Nocturia may be the result of bladder sensitivity – or it may be a person really has to pee! Why do some people produce a lot of urine at night? It may be fluid retention due to a high-sodium diet, or edema (swelling) of the legs or congestive heart failure.
When supine at night, the liquid elsewhere makes its way to the kidneys and bladder. Polyuria is a common symptom of diabetes, too.
Men are from Mars…
In men, nocturia is a very common symptom of benign prostate hyperplasia (BPH) and prostate cancer. The enlarged prostate puts pressure on the urethra and the bladder.
Fortunately, treatments for both BPH and prostate cancer have become very (advanced) and effective when implemented early.
Giving birth is a seismic factor in new nighttime inconveniences. Sometimes, habitually rising to feed or comfort a baby primes a person to wake often, even long after the wee one sleeps through the night.
But that goes only part of the way toward explaining why 2 in 3 women over 40 say they wake at night to urinate, and half say they do so two or more times each night.
“Both men and women have OAB, but women are at least three times more likely to leak with urgency than men” Dr. Raders says. “Nocturia can be dangerous. Women often fall hurrying to the bathroom in the dark, and there’s the potential to fracture a bone.”
What if the urge to pee overnight isn’t a fault of the urinary system at all? What if it’s a perfectly healthy response to a separate health issue entirely?

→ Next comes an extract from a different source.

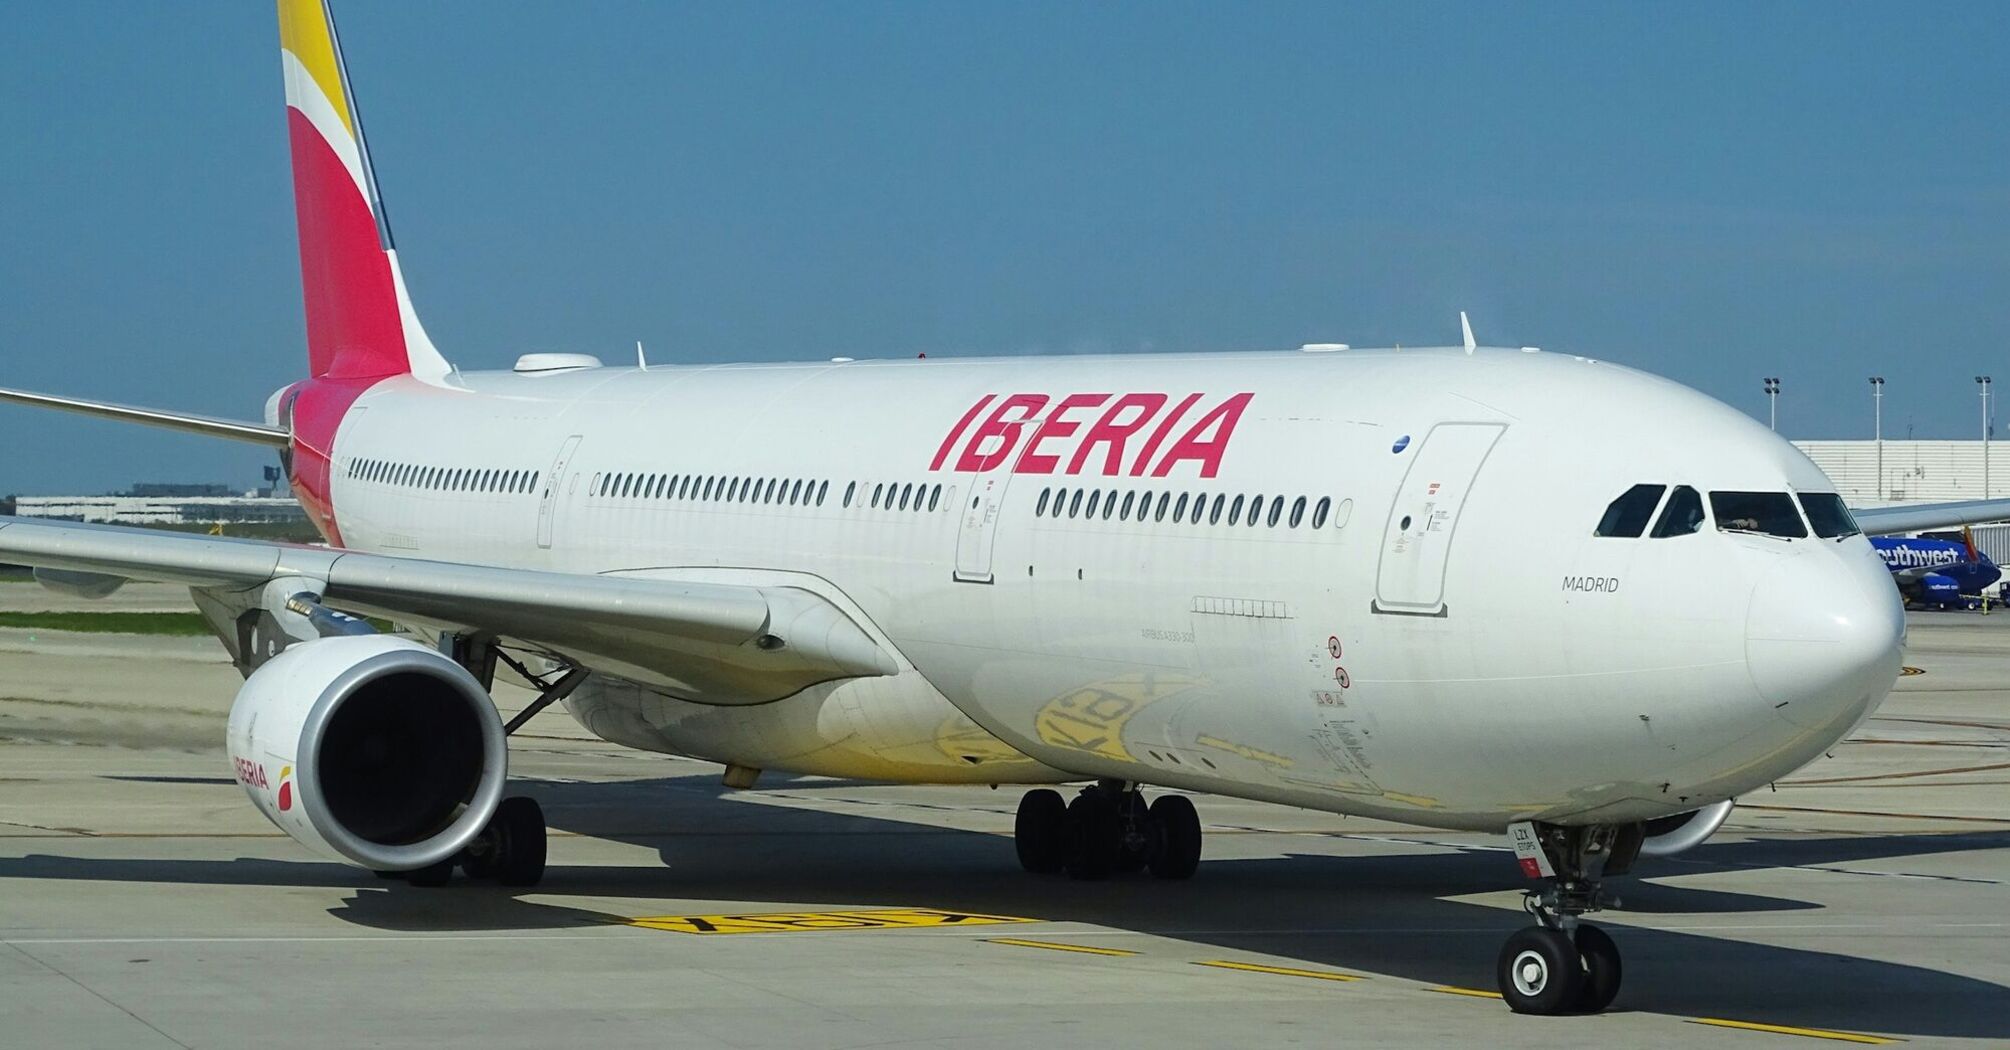 Iberia airplane on the runway

Sleep apnea is a serious disorder in which breathing is disrupted (airways become relaxed and narrowed or closed), cutting the necessary rhythm and timing of deep sleep and REM cycles. The body’s response to the disruption is to signal the need to release liquid, even if the bladder isn’t full.
A sleep apnea sufferer will awake and feel the need to urinate, unaware that choking and not the urge to pee is the real culprit.
Neurological disease courses can affect both bladder storage and sensitivity, and polyuria (often associated with diabetes). Nocturia can be a consequence of multiple sclerosis (MS), Parkinson’s disease, stroke or spinal cord injury.
In these cases, nocturia is not commonly the telltale symptom resulting in a neurological diagnosis. And nocturia may be addressed by behavioral and clinical therapies. n
To talk with a specialist about your nighttime bathroom breaks, visit HF.org/Urogynecology, or call 321.434.3131 to schedule an appointment.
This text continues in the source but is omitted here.